Speaking to Oxfam, an East Aleppo resident, Basma, 35, said: “The water network is damaged in some areas, to the point where you can see [bomb] craters filled with water. We are still managing to get water through different means, from local wells. But it’s not safe to go out in the street”.
Nassim, 65, another resident of East Aleppo reported that food was scarce. “Fetching water from the local wells is another daily challenge, as going out is dangerous and the water quality is an issue. You can’t be sure if the water is safe or contaminated”.

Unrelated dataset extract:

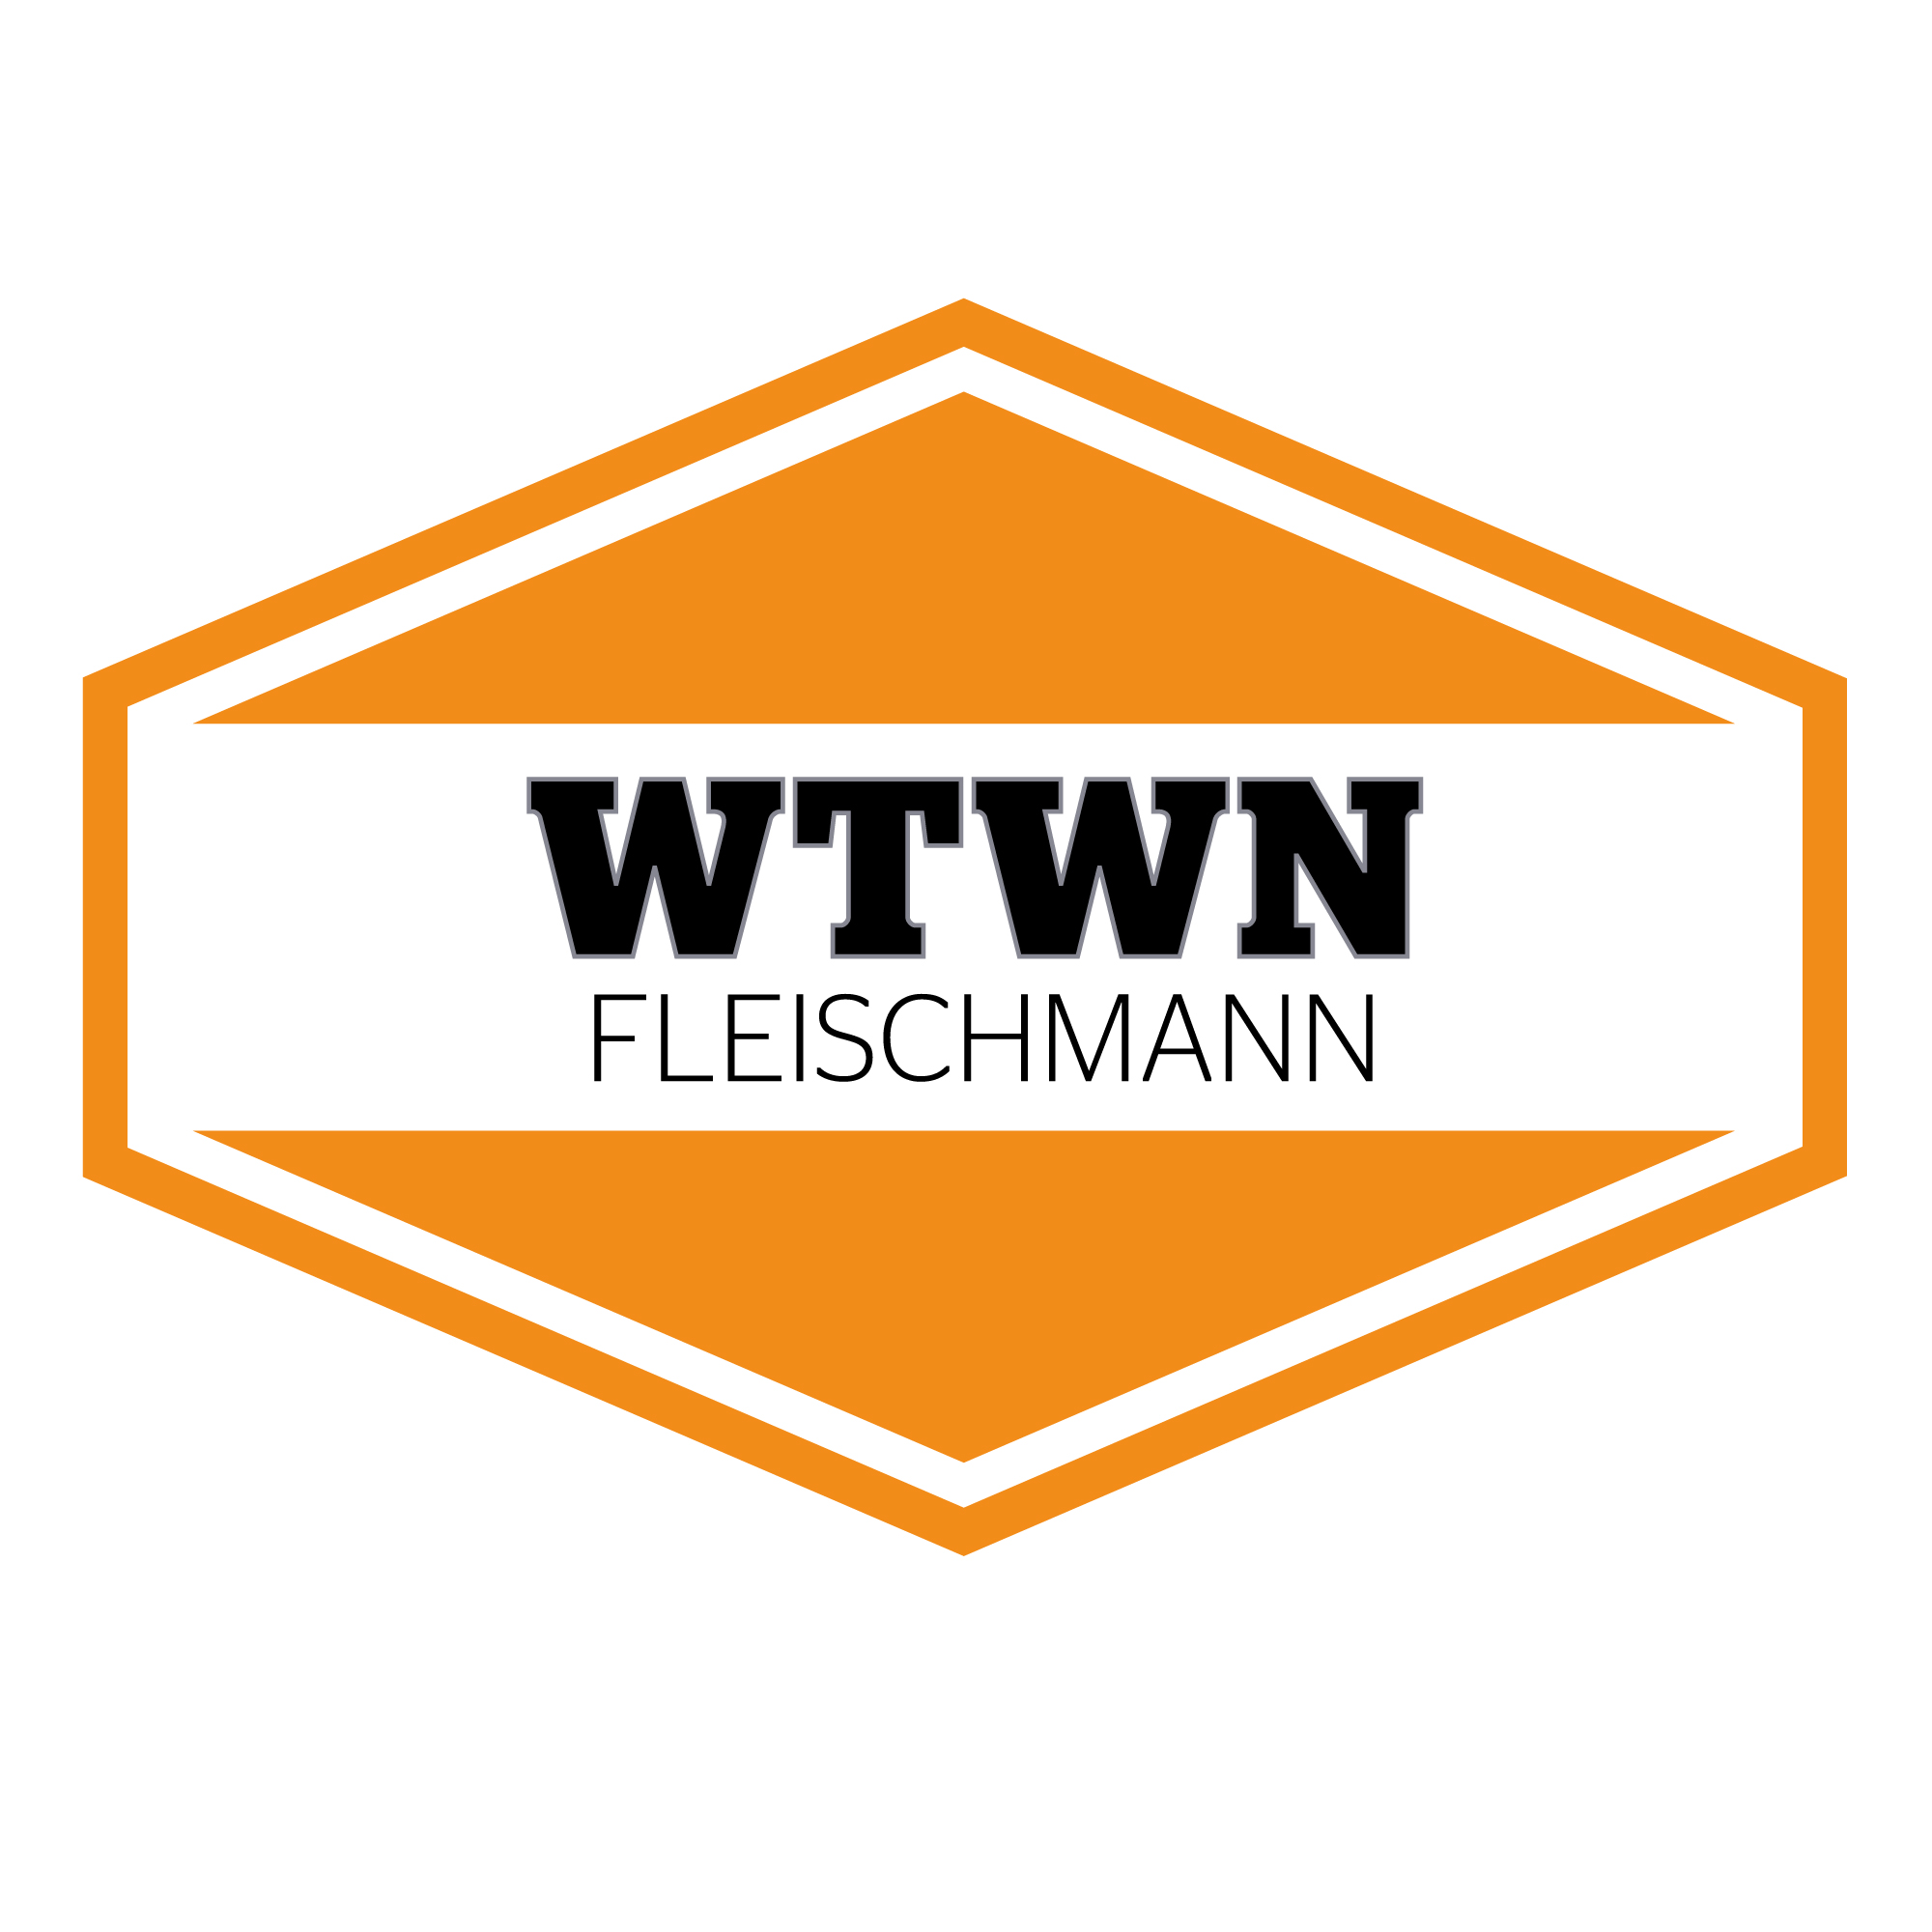 WTWN Fleischmann Steuerberatung

Walid, 35, from West Aleppo said: “Queuing to get water is a time consuming struggle, and buying water is becoming expensive. You need to pay more to get water first from truckers. Winter is coming and we have no electricity, and fuel is not available. The situation is becoming unbearable.”
Syrian forces and their allies, backed by Russian and Syrian aerial bombardment, launched a military operation on September 22 to retake East Aleppo, where 250.000 people are trapped with no access to aid and face constant attacks from the air. There are daily reports of civilian casualties and damage to civilian infrastructure
"The horrors in Aleppo continue to mount. That the bombardment of the city is being carried out and supported by a permanent member of the UN Security Council, flouting the very resolutions it has passed, makes a mockery of the international system designed to promote peace, stability and respect for human rights. But this cannot be an excuse for inaction on the part of other members of the international community,” said Oxfam's Baker.
“Other permanent and non-permanent members of the UN Security Council should support a resolution demanding an immediate halt to aerial attacks on Aleppo, to allow for aid to be delivered and the ceasefire and political negotiations to be revived."
Notes to editors
In addition to the 2,000 KVA generator installed in Suleiman al-Halabi, Oxfam has equipped three wells in West Aleppo to produce around 500,000 liters per day and installed eight water purification units on the Qweik river to produce also 500,000 liters, though four of them are currently being repaired after sustaining damage.Oxfam also has 3,500 hygiene kits ready to be distributed in East Aleppo, but the convoy cannot currently access the opposition held part of the city.